The pharmaceutical sector is one of the largest sources of health expenditure in LAC (see Chapter 6). As medicines are a substantial financial burden for both governments and people, several areas are subject of policy concerns. In this context, the development of generic markets stands out as an opportunity to increase efficiency in pharmaceutical spending; but many countries do not fully exploit this potential. Underutilisation of generic drugs is a substantial source of waste. Although generics usually have comparable therapeutic effects as branded alternatives, typically they are significantly less expensive.

In seven LAC countries with data, the introduction of generics has been a challenge, for varying reasons. Figure 2.7 shows that on average, LAC countries have a larger proportion of generics in their markets (79%) compared to the OECD average (52%). However, it is important to note that the majority of these generics are branded generics (52%). Branded generics (or similares), like unbranded ones, are copies of off-patent products that are sold to the public using a trade name instead of, or in addition to, the name of the molecule. Their prices are usually higher than those of non-branded generics. In contrast, in OECD countries, branded or unbranded generics do not make a major cost difference, mainly because health systems provide coverage for them irrespective of this classification. In addition, in several LAC countries, not all generics are mandated to demonstrate therapeutic equivalence, and some regulatory agencies still need to be strengthened, which poses a quality challenge in the pharmaceutical markets of the region.

In complement to the volume of generics in LAC markets, Figure 2.8 displays the value share of generic markets, which may be expressed, depending on the country, in terms of the turnover of pharmaceutical companies or the amount paid for pharmaceuticals by consumers. The value of generics as percentage of the total retail pharmaceutical market is higher in LAC countries than in the OECD (64% versus 25%), chiefly because of common use of branded generics (or similares), which typically have higher prices than unbranded generics. In general, this means that difference in prices between originator and generic medicines is smaller in LAC than in OECD countries. In line with these findings, a recent study by the Chilean National Economic Prosecutor found that profit margins obtained by pharmaceutical companies in Chile are higher for branded generics than for non-branded generics, which may be another reason for the larger presence of branded generics in LAC pharmaceutical markets. In addition, the study found that the population has a low trust in generics, meaning that this is another area to address from a policy point of view (FNE, 2019[26]).
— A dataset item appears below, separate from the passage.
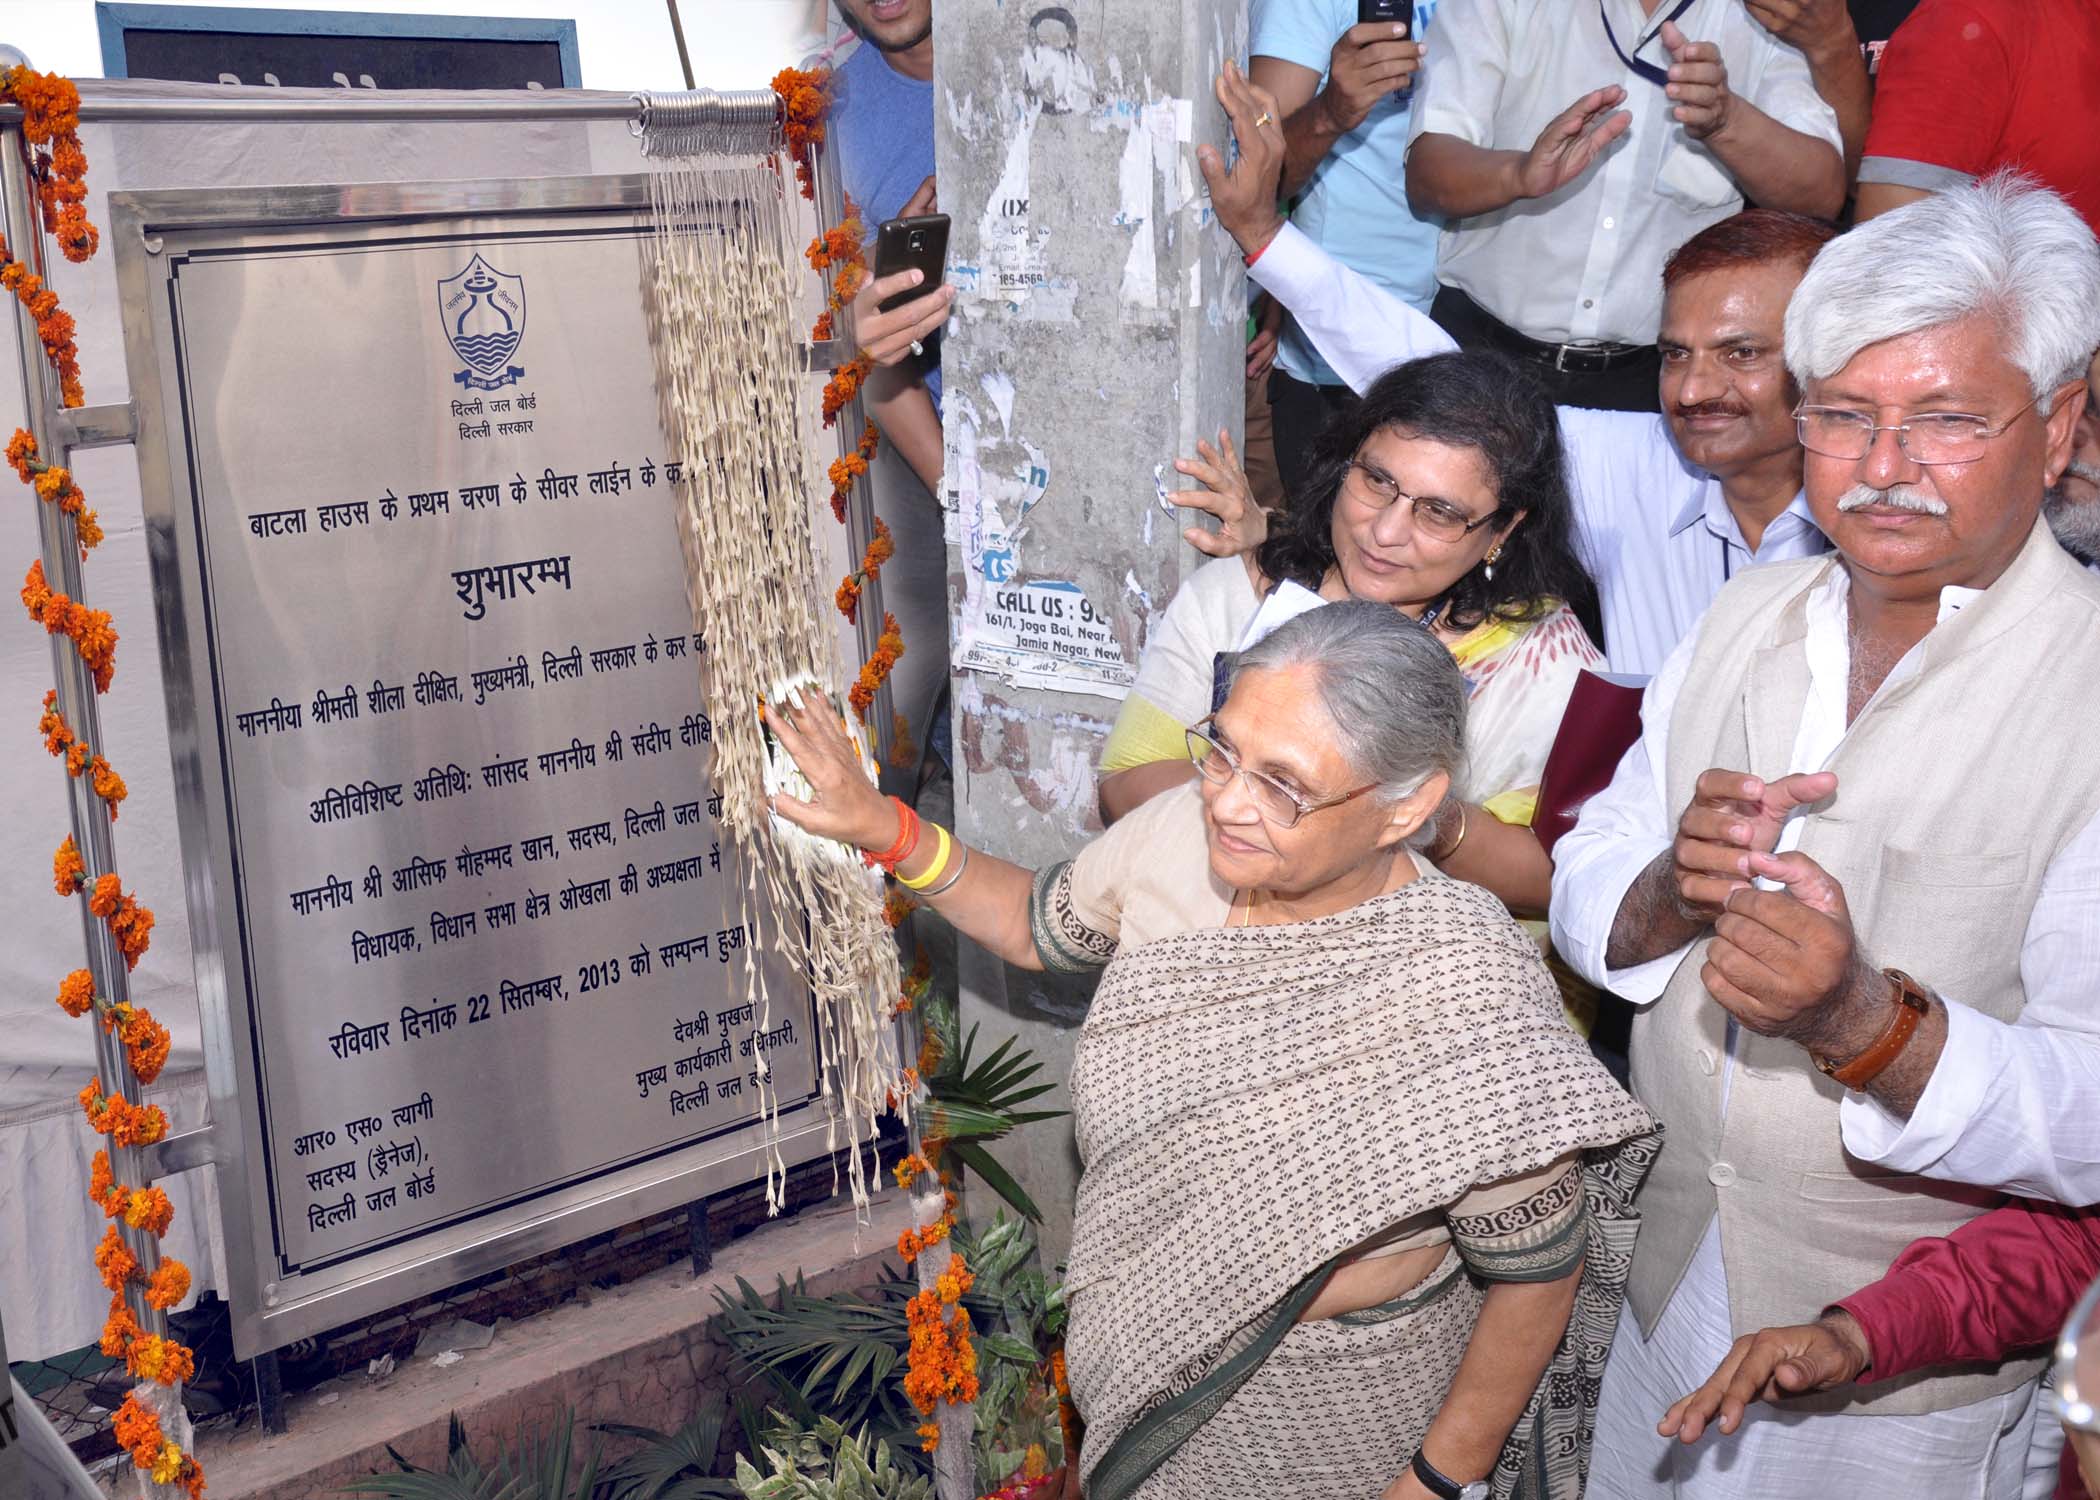 Sheila Dikshit,Chief Minister of Delhi and Chairperson, Delhi Jal Board, inaugurates the...

Some LAC countries have already implemented incentives to promote the production or registration of generics. Colombia applies lower tariffs, Mexico awards tax exemptions, Ecuador eases bureaucratic processes, and El Salvador supports small and medium-size pharmaceutical producers working on generics.
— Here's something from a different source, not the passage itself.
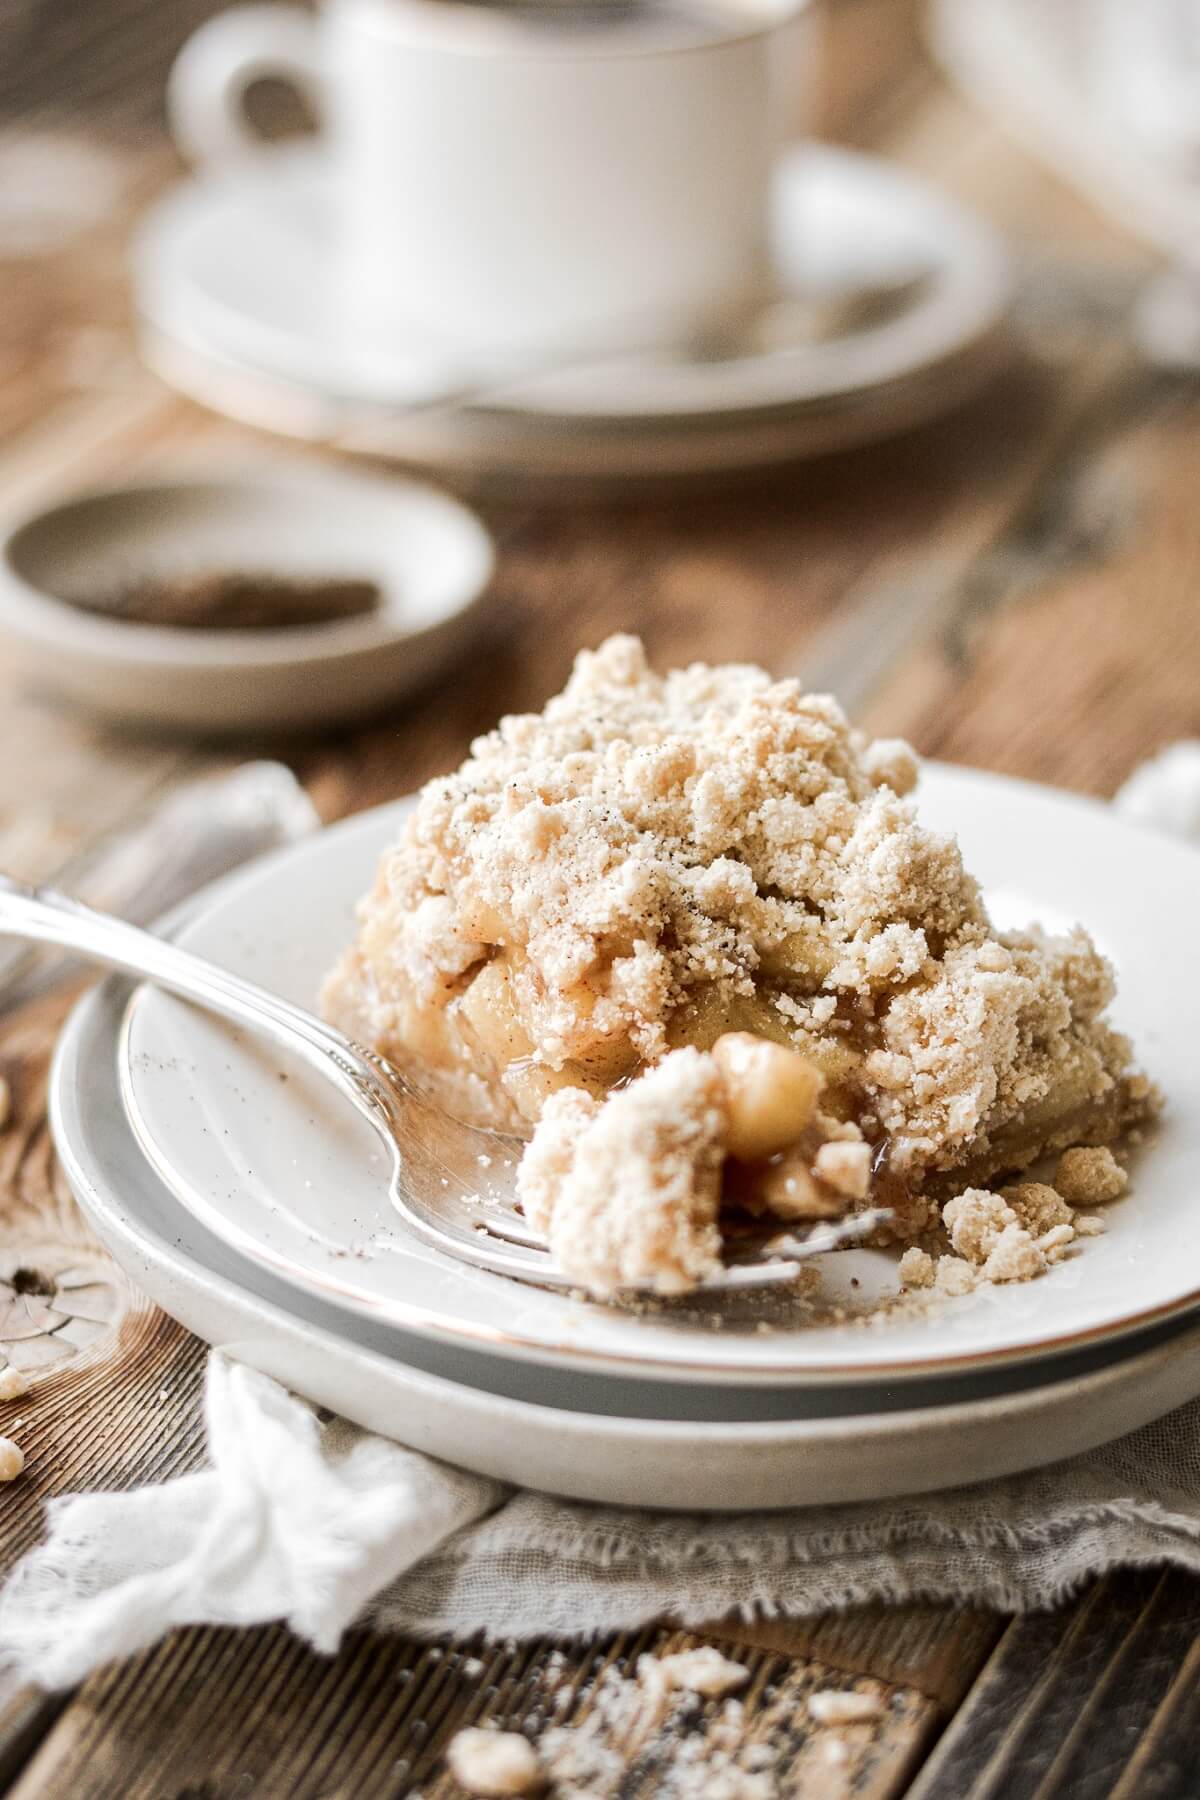 Apple crumb pie bar on a plate.

In addition to targeting registration, distribution, and production of generics, countries could invest in information campaigns, designed to educate the population on the advantages of using generics as well promoting their use at doctors’ offices and pharmacies. Examples include promoting mass media campaigns to educate patients about the safety and quality of generics; making it mandatory for pharmacists to remind patients whenever there is a generic alternative to the prescription they are receiving; and encouraging pharmacies to sell more generics through performance-based payment mechanisms.

Evidence from Argentina (Maceira and Palacios, 2016[27]) suggests that consumer and pharmacists’ attitudes must be taken into account when regulating and promoting the use of generics. Consumers will often express interest in spending less when purchasing drugs but often they are not willing to pick the cheapest generic alternative, even when the pharmacist suggests alternatives at the point of sales. A study of the Chilean experience between 2002 and 2017 of the effect of the entry of branded generic medications (Alvarez, Gonzalez and Fernandez, 2019[28]), found that sales of these drugs sold rose by 148.1% after four years – an increase driven by their lower cost (on average 33%) than their branded non-generic counterparts.
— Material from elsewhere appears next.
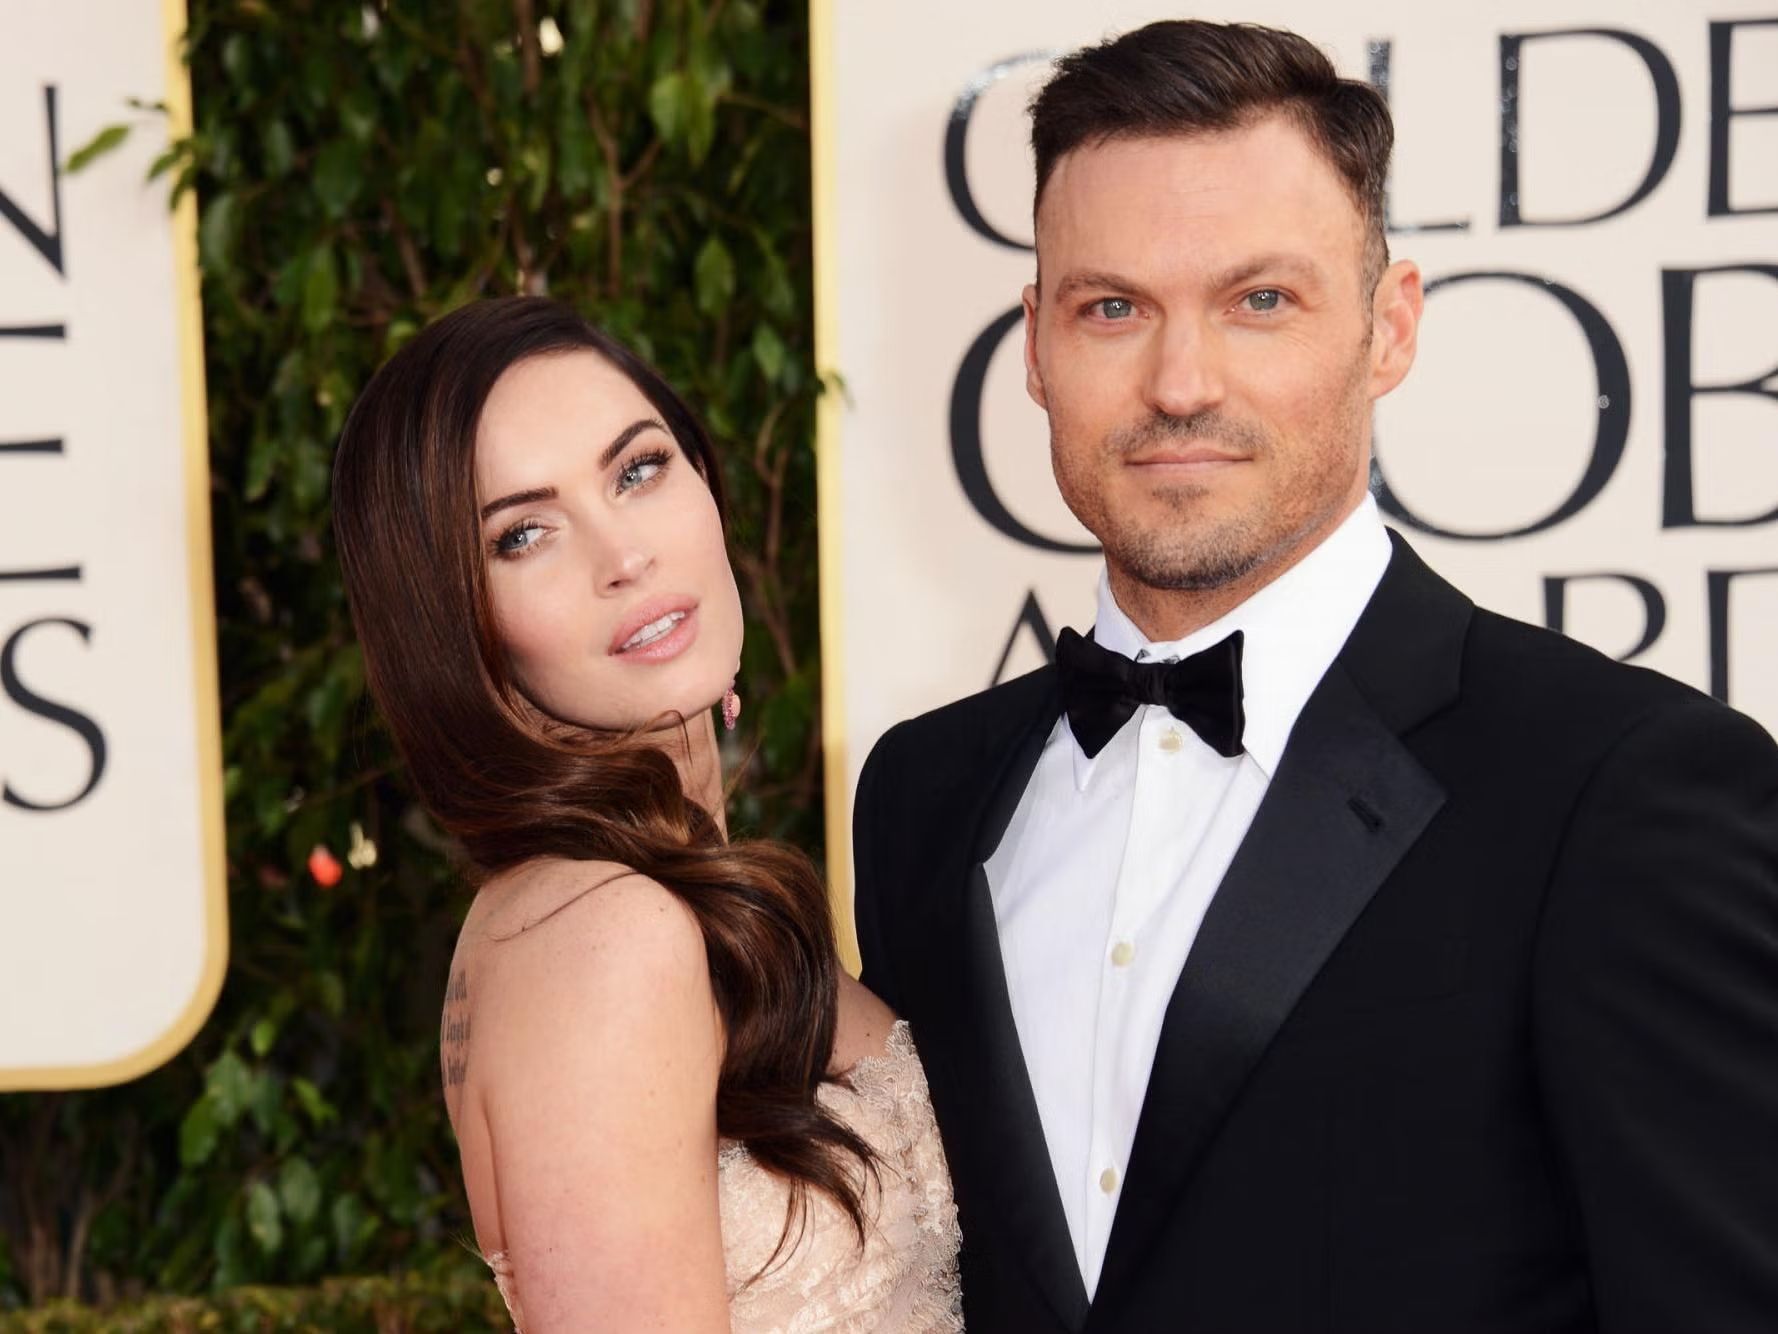 Brian Austin Green Reacts To Love Is Blind Star’s Comparison To Megan Fox

Most health systems in LAC are organised as several parallel subsystems. Usually, these subsystems represent a public component (e.g. managed by the Ministry of Health and funded by general taxes); a social security sector (e.g. public and/or private insurers funded through social contributions and, in some cases, partly by general taxes); and a private sector (e.g. funded directly by users, pre-paid or out-of-pocket). The mix of these three subsystems varies, but they are present in almost all countries, especially since the 1990s, when government-financed insurance schemes and health-service provision to cover poor people and informal workers were introduced or expanded, reinforcing the vertically articulated subsystems with fragmentation of financing and service delivery. This has led to segregation of population segments according to employment and socio-economic status and, often, left the poorest segments without effective coverage in many countries (Atun et al., 2015[29]).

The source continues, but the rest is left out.